-------- The input --------

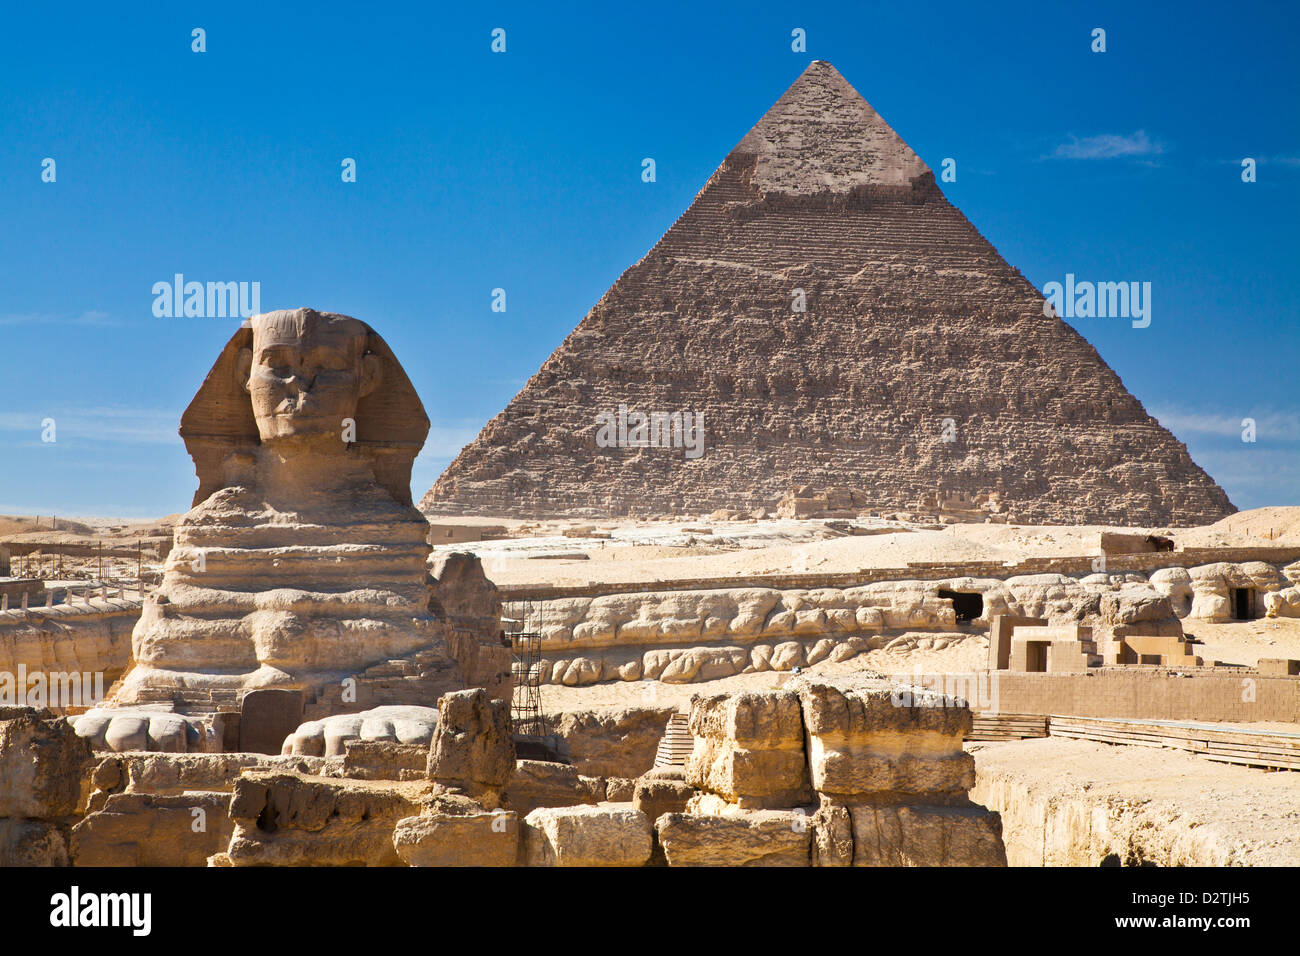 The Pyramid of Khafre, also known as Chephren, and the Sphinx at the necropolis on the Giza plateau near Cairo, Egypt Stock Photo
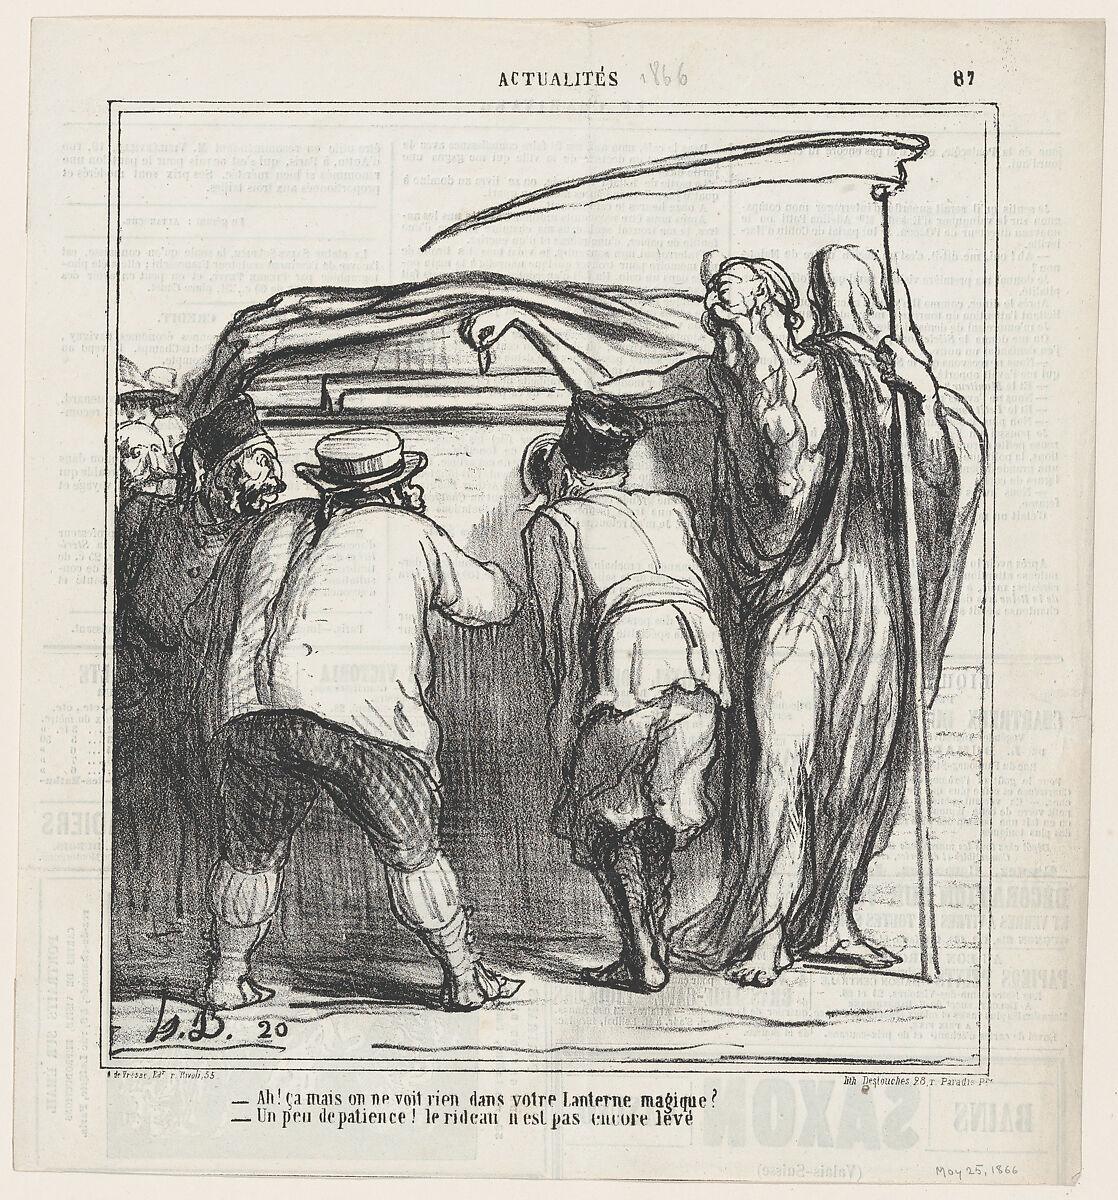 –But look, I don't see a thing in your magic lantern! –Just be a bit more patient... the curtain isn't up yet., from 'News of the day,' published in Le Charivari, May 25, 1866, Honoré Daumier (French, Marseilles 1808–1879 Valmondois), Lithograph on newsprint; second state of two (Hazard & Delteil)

--------
-------- The input --------

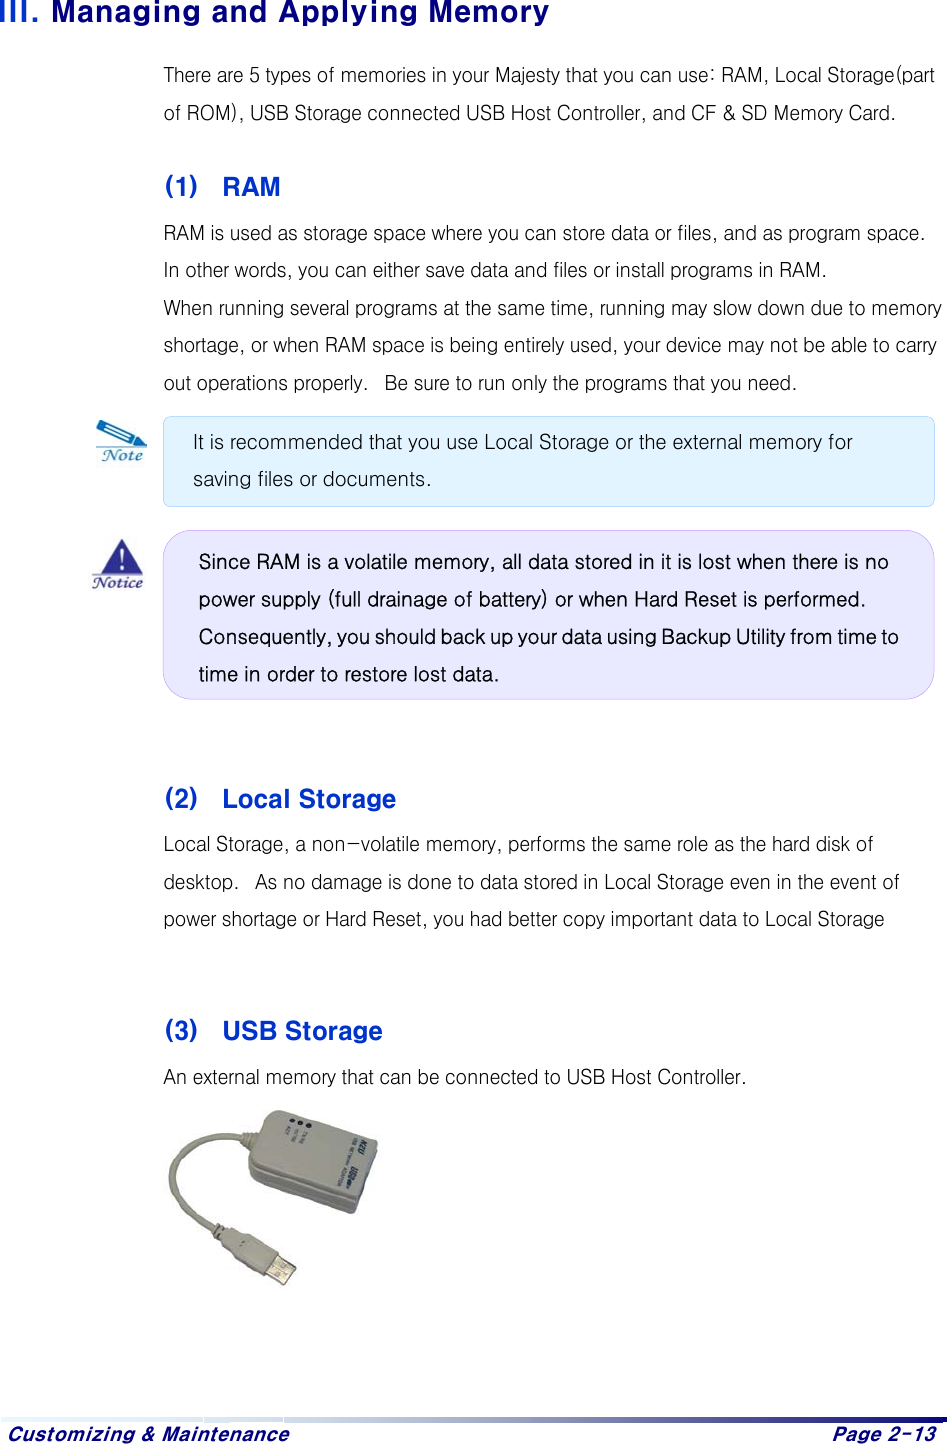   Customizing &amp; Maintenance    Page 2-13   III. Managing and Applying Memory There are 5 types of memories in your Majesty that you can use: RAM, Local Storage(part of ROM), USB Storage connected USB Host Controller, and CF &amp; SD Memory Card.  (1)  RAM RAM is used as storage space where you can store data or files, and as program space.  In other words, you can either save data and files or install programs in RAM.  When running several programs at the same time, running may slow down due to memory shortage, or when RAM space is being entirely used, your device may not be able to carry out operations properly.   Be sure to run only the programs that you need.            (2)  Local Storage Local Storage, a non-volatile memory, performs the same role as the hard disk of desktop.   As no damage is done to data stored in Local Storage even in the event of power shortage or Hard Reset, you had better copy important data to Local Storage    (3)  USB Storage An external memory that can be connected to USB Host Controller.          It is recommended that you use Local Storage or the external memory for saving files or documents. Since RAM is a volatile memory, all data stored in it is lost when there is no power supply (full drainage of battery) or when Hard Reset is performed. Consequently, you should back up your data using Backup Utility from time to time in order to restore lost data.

--------
-------- The input --------

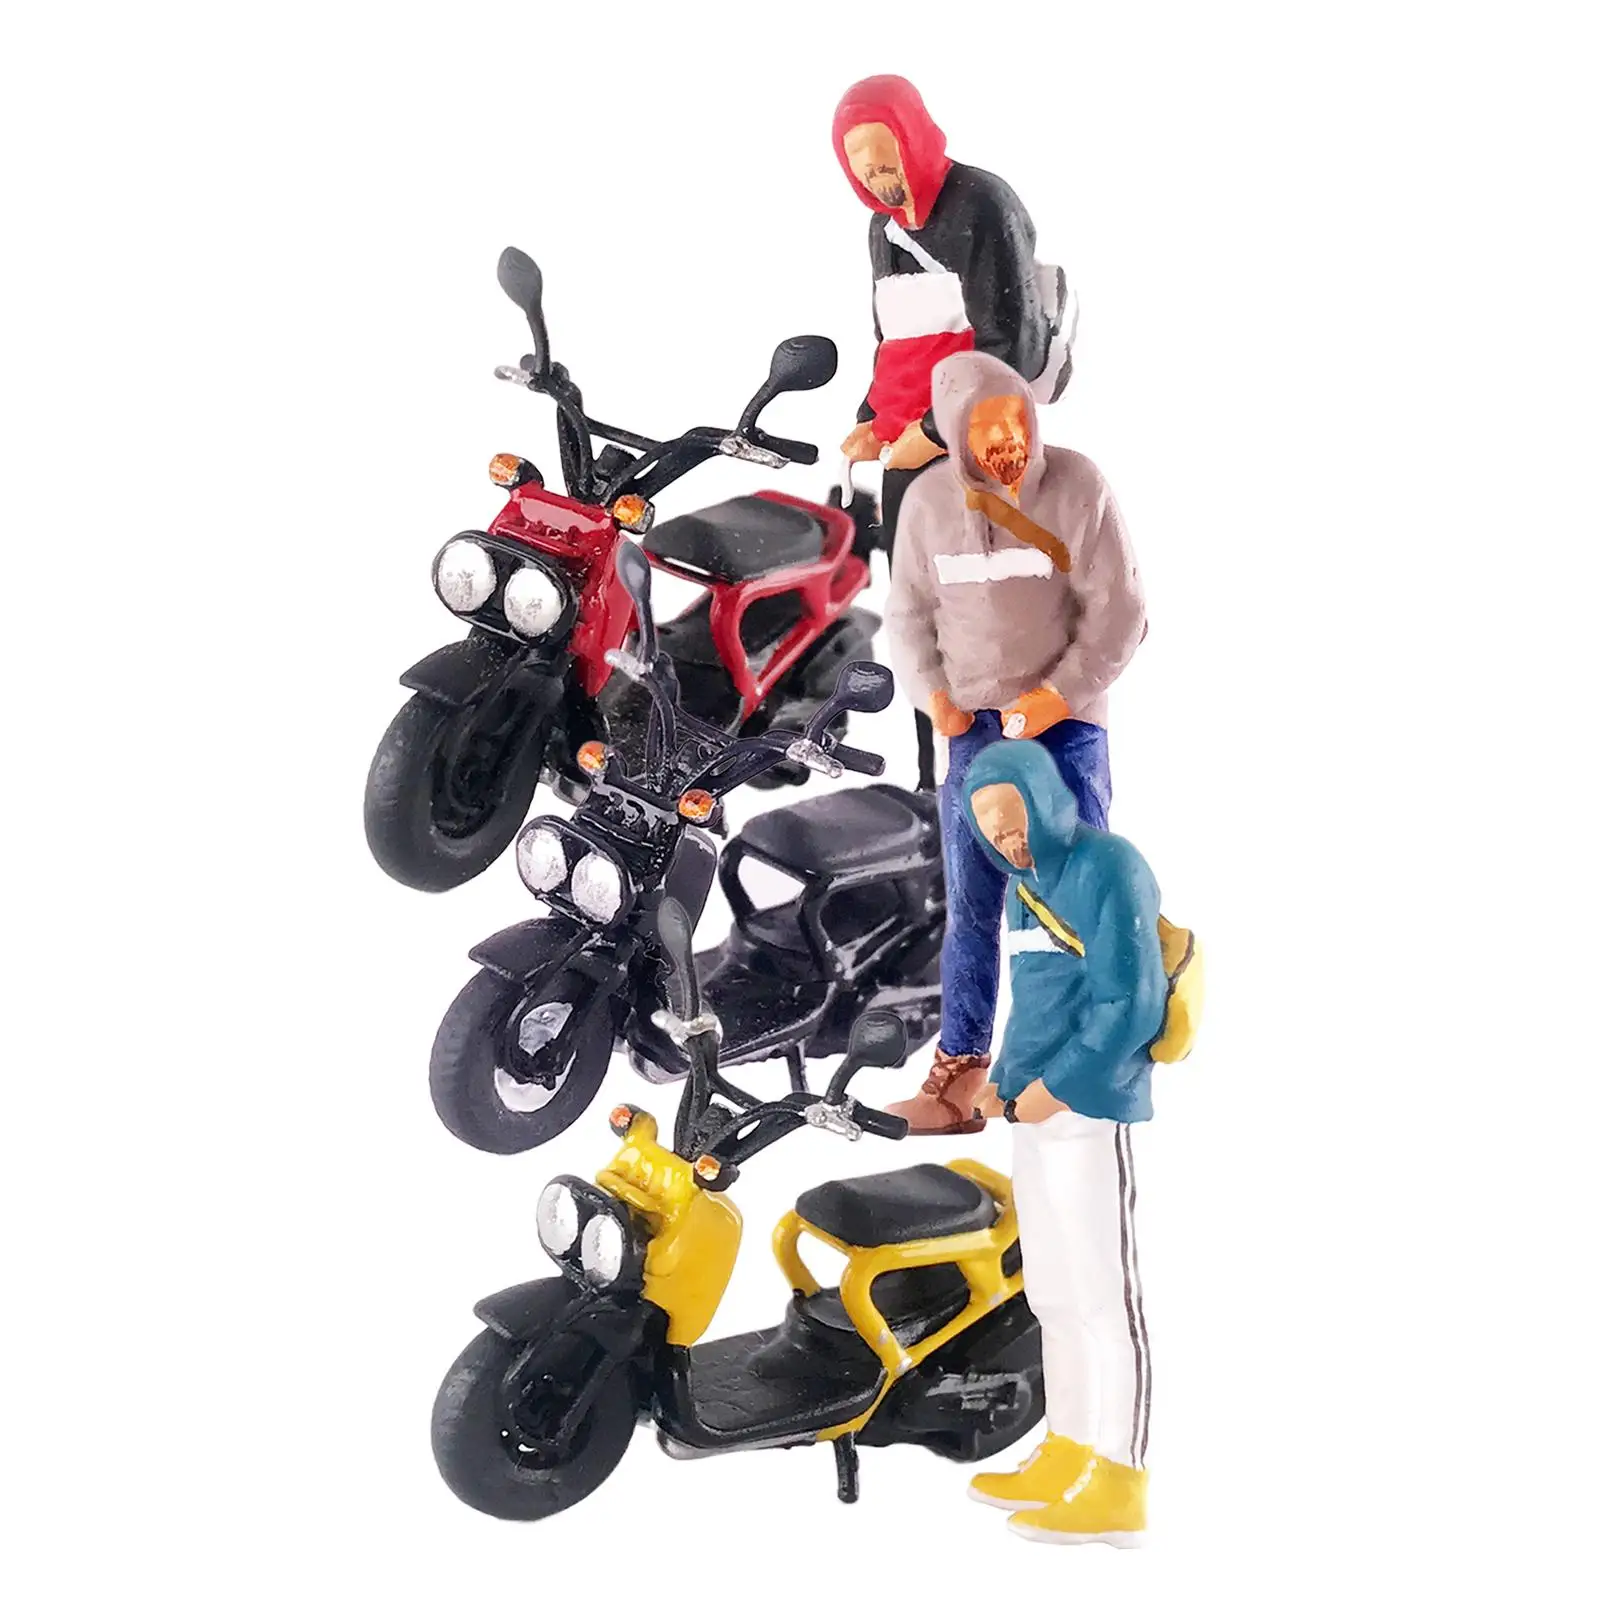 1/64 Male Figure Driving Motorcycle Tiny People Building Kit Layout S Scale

--------

→ Problem details
Leaving out the pictures, please output the lines in the entries above from the one with "The Pyramid of" through the one with "(Hazard & Delteil)", exactly as they are.

→ Response below
 The Pyramid of Khafre, also known as Chephren, and the Sphinx at the necropolis on the Giza plateau near Cairo, Egypt Stock Photo
 –But look, I don't see a thing in your magic lantern! –Just be a bit more patient... the curtain isn't up yet., from 'News of the day,' published in Le Charivari, May 25, 1866, Honoré Daumier (French, Marseilles 1808–1879 Valmondois), Lithograph on newsprint; second state of two (Hazard & Delteil)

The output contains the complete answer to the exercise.